The film is also very effective in its use of symbolism. Saskia's recurring dream involves her floating through space inside a golden egg, reflecting the original title of Krabbé's novel. In the final version of her dream, which she relays to Rex in the car, she dreamt that two such eggs would collide in space, and that this event would signify the end of something important. What seems like a throwaway comment to kill time becomes a great use of foreshadowing as we move towards the climax.
The ending of The Vanishing is nothing short of terrifying. It's these last five minutes which lift the film from a slow-burning, unusual character study into a deeply chilling thriller. The big reveal, in which Rex wakes up to find that he's been buried alive, progresses through multiple levels of terror. First, there is the initial claustrophobia of being in a coffin. Then there is the horror of realising that Saskia went through the same fate. Then, there is the realisation of the dream as foreshadowing, which leads on to thoughts about predestination. And finally, there is a cold acceptance and death; Rex clings onto his memories of Saskia, finally confessing his love for her, and his death is mirrored by the eerie silence of the final shot.

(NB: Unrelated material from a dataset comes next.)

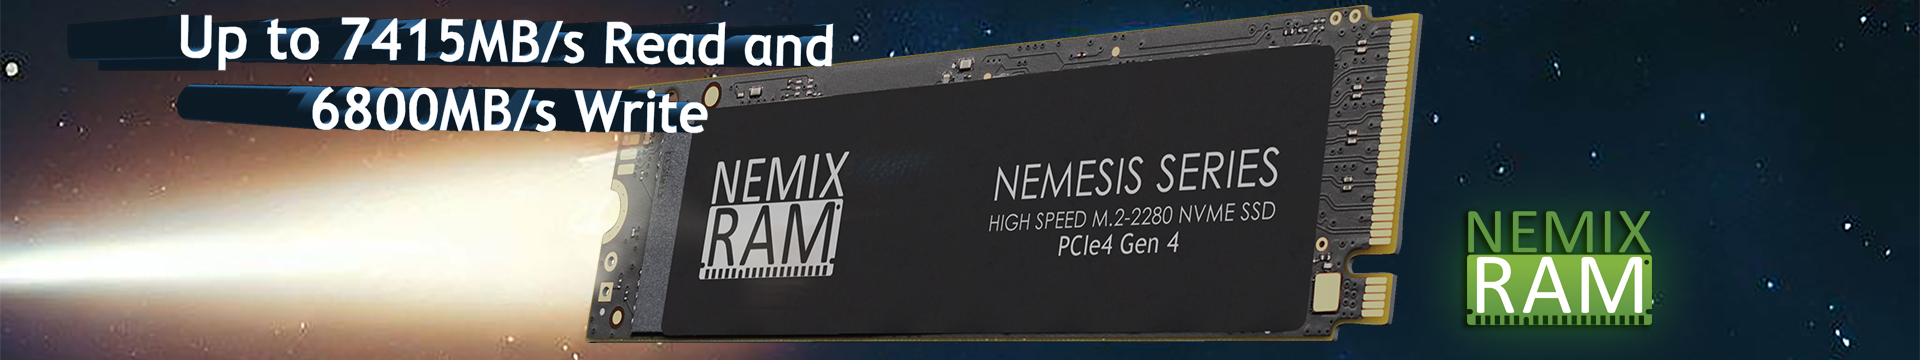 Nemesis SSD NVMe

The Vanishing is a truly great psychological chiller with immense depth of theme and character and an ending that never fails to leave you shaken. While it is a little slow at times, and not all of the unusual musical choices work, it's highly effective in every other way, as a thriller, a character study and a really scary horror film. It is one of the best films of the late-1980s and remains essential viewing for horror and thriller fans.